Uma mãe que recebe 33.600 reais por ano (2.800 reais por mês) e, portanto, arca com uma incidência de 15% de IR, irá pular para uma faixa mais alta, de 22,5%, se incluir uma pensão de 1.000 reais por mês na sua renda tributável. A saída, neste caso, é criar um CPF e fazer uma declaração para o filho, discriminando a pensão alimentícia em seu nome no campo “Rendimentos Tributáveis Recebidos de Pessoa Física”.

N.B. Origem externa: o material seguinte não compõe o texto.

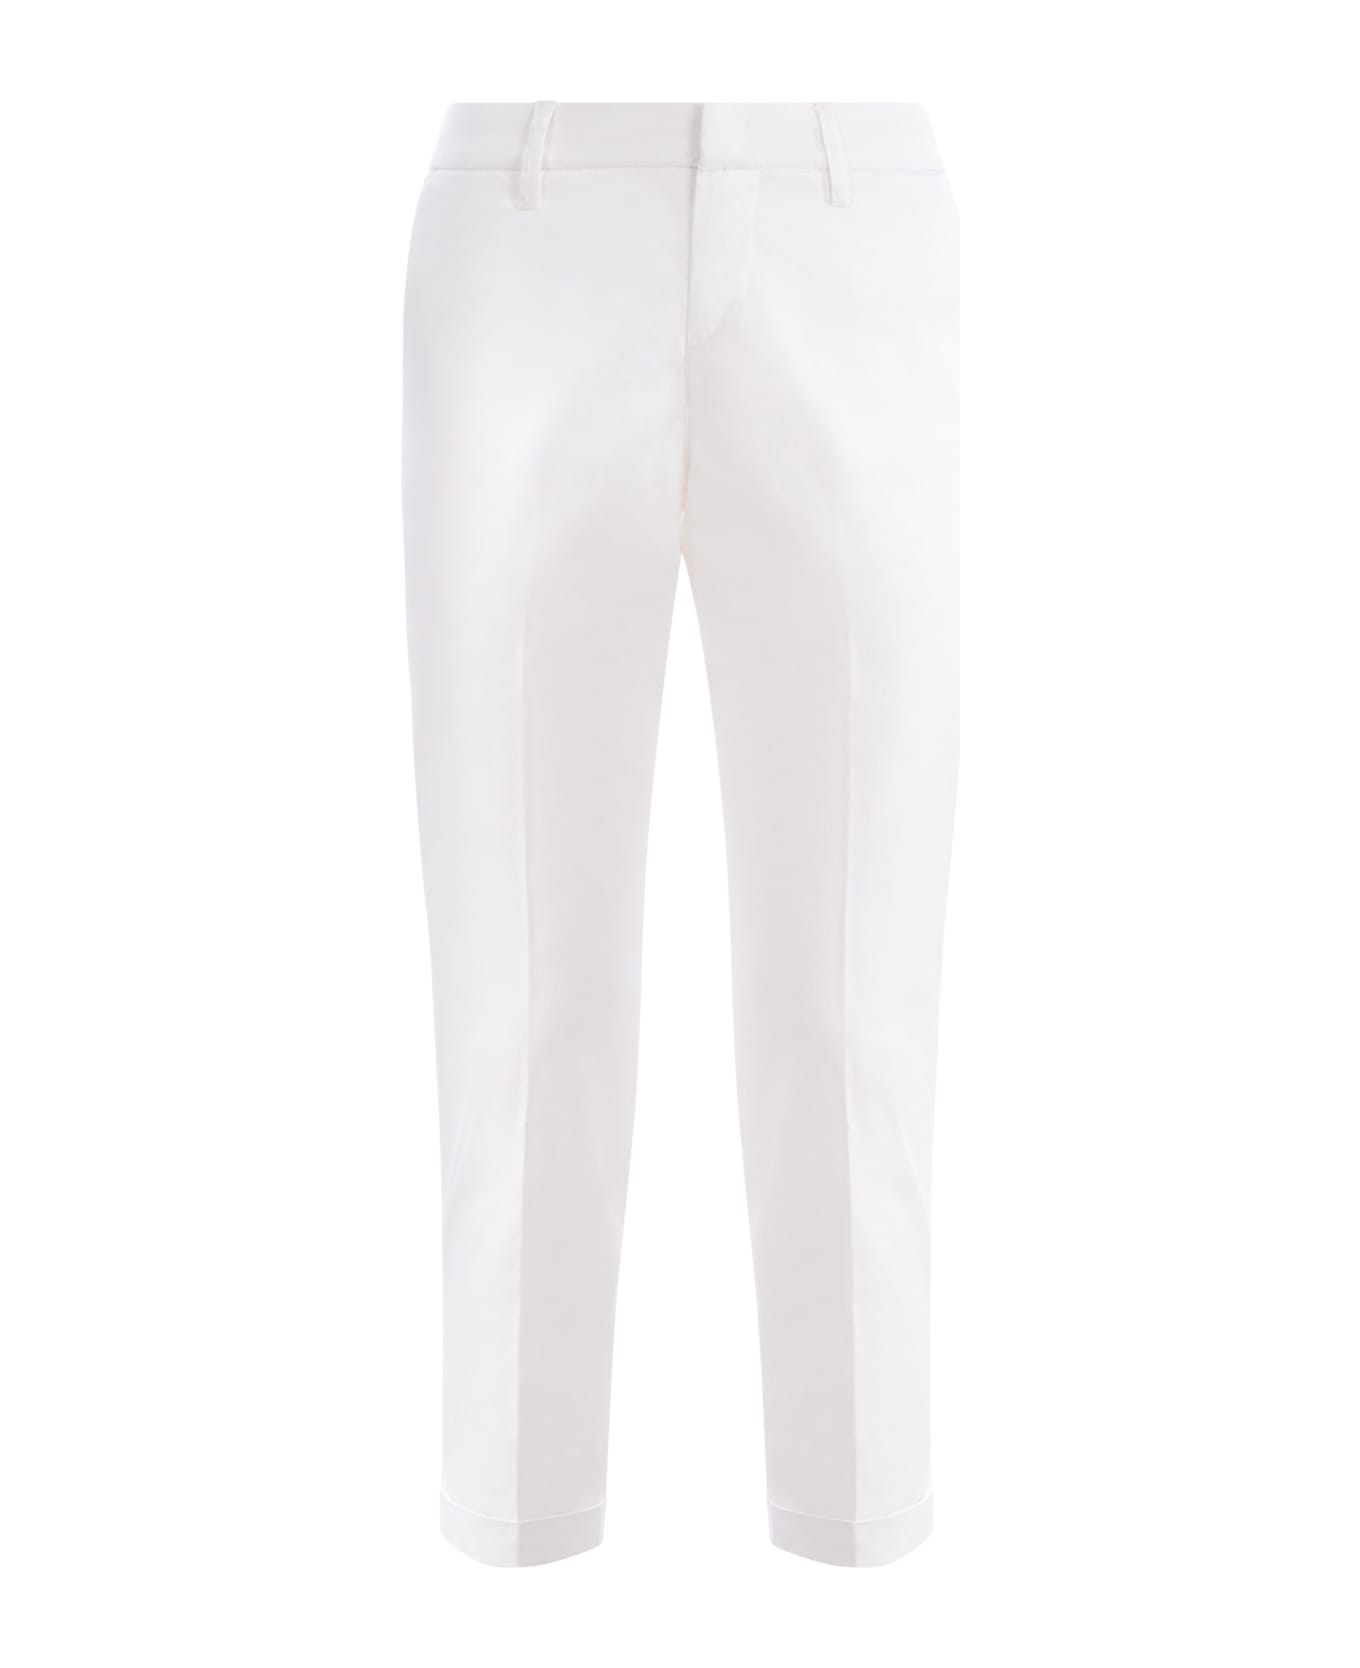 Fay Trousers Fay "chino" In Stretch Cotton - Bianco ボトムス

Confira a tabela progressiva para o cálculo de IR da Receita, que foi alterada em 2011:

Base de cálculo anual em R$ Alíquota %
Até 18.799,32 -
De 18.799,33 até 28.174,20 7,5
De 28.174,21 até 37.566,12 15,0
De 37.566,13 até 46.939,56 22,5
Acima de 46.939,56 27,5

Ao optar por esse caminho, porém, o contribuinte abre mão de lançar na sua declaração de IR todas as despesas dedutíveis feitas com o filho. Se o filho declara em separado, não pode constar como dependente na declaração do responsável, pois cada CPF só pode aparecer em uma declaração de Imposto de Renda. Portanto, a partir do momento em que uma criança ou adolescente declarar por conta própria, os gastos que forem feitos com sua educação e saúde, por exemplo, já não poderão ser deduzidos na renda tributável dos pais.

O mesmo raciocínio vale para filhos que começam a estagiar, cônjuges e companheiros homo ou heterossexuais. Para escolher a declaração conjunta, o contribuinte deve analisar se os gastos dedutíveis que poderá abater serão mais vantajosos que uma possível mudança na faixa de tributação do IR.